PURPOSE: Tau is a microtubule-associated protein that can be found in both normal and abnormal breast cells. Whether the expression of Tau protein can predict the response to neoadjuvant chemotherapy (NACT) is still unclear. In this study, we assessed the role of Tau protein expression in predicting a pathological complete response (pCR) to NACT for different subtypes of breast cancer. METHODS: Four hundred and sixty-eight eligible patients were retrospectively recruited in our study. The relationship between clinicopathologic factors, including Tau protein expression, and pCR in different subtypes was evaluated using logistic regression analysis. Correlation between Tau and disease-free survival (DFS) and overall survival (OS) was performed using Kaplan–Meier analysis.

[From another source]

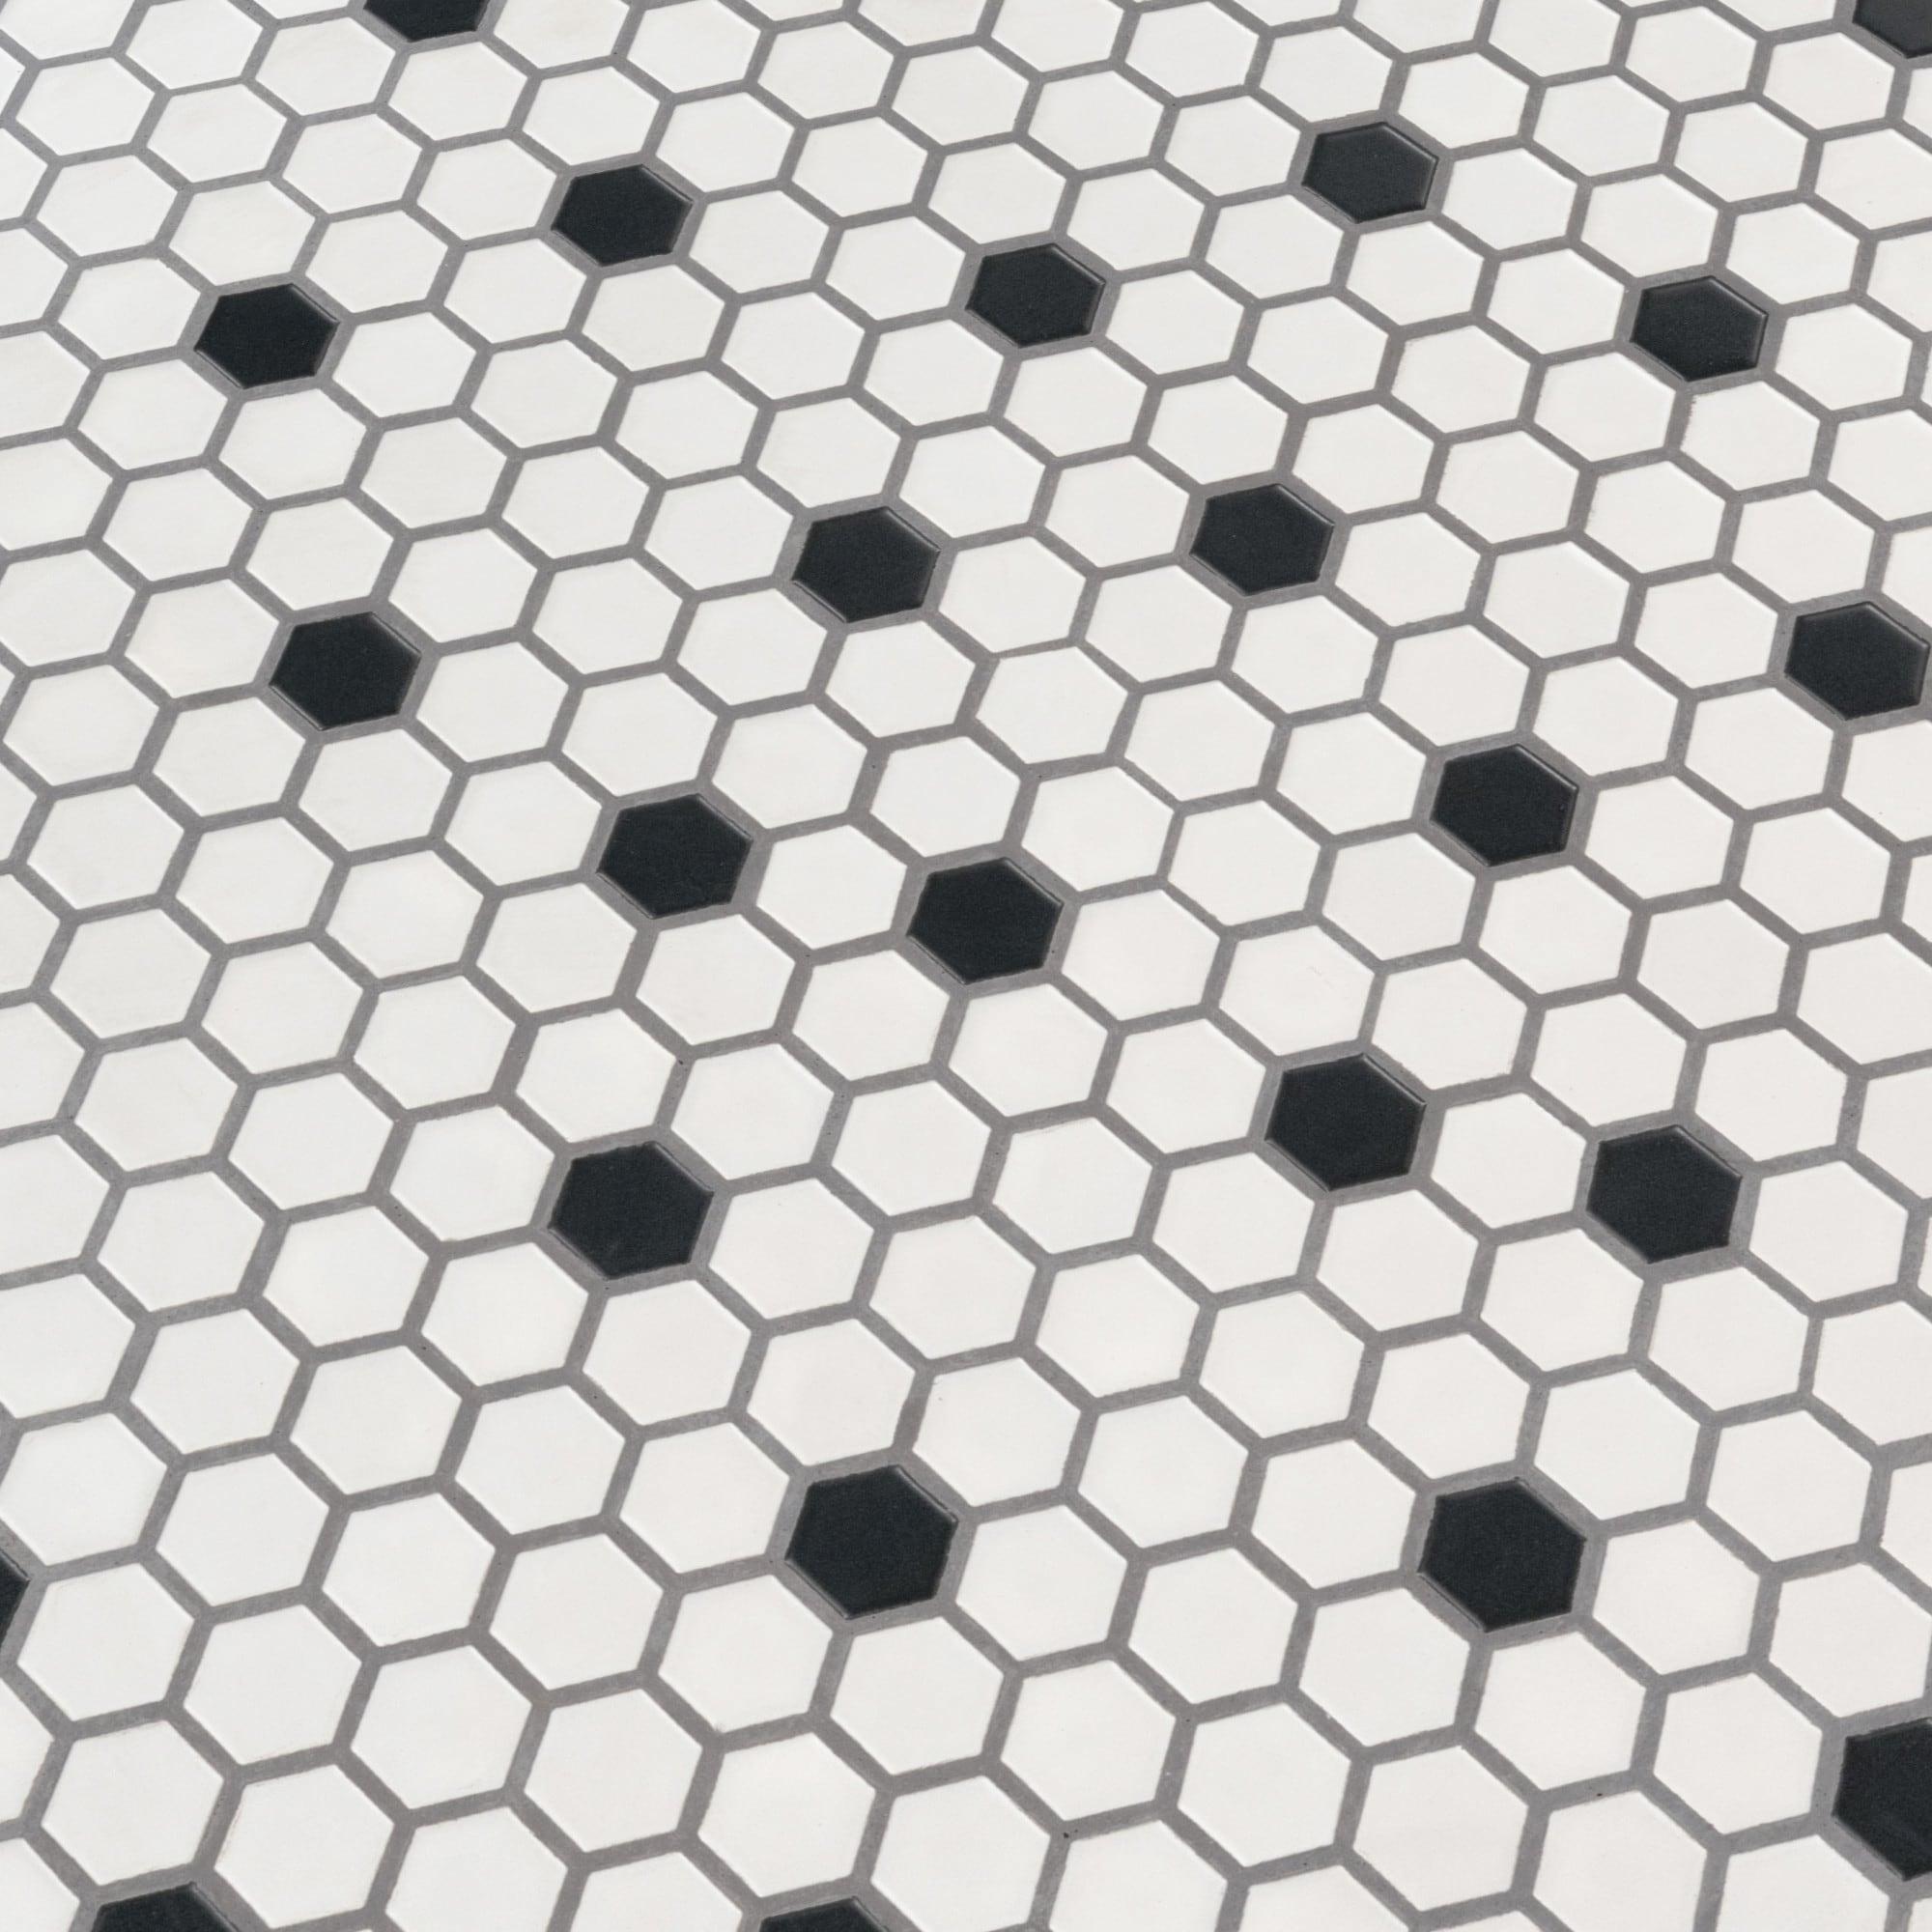 Msi N1x1hex Domino 1 X 1 Hexagon Mosaic Tile Matte Porcelain Visual Sold By Carton 19 09 Sf Carton Black White Overstock 29778075

RESULTS: The expression of Tau protein was negatively correlated with pCR, especially in triple-negative breast cancer (TNBC). No significant difference was observed in the luminal human epidermal growth factor receptor-2 (HER2)-negative subtype and HER2-positive subtype. Patients with pCR were associated with better DFS and OS (p < 0.05). However, Tau protein expression had no association with either DFS or OS (p > 0.05). CONCLUSION Tau protein expression can predict pCR before NACT in TNBC, but there was no correlation between Tau expression and DFS or OS.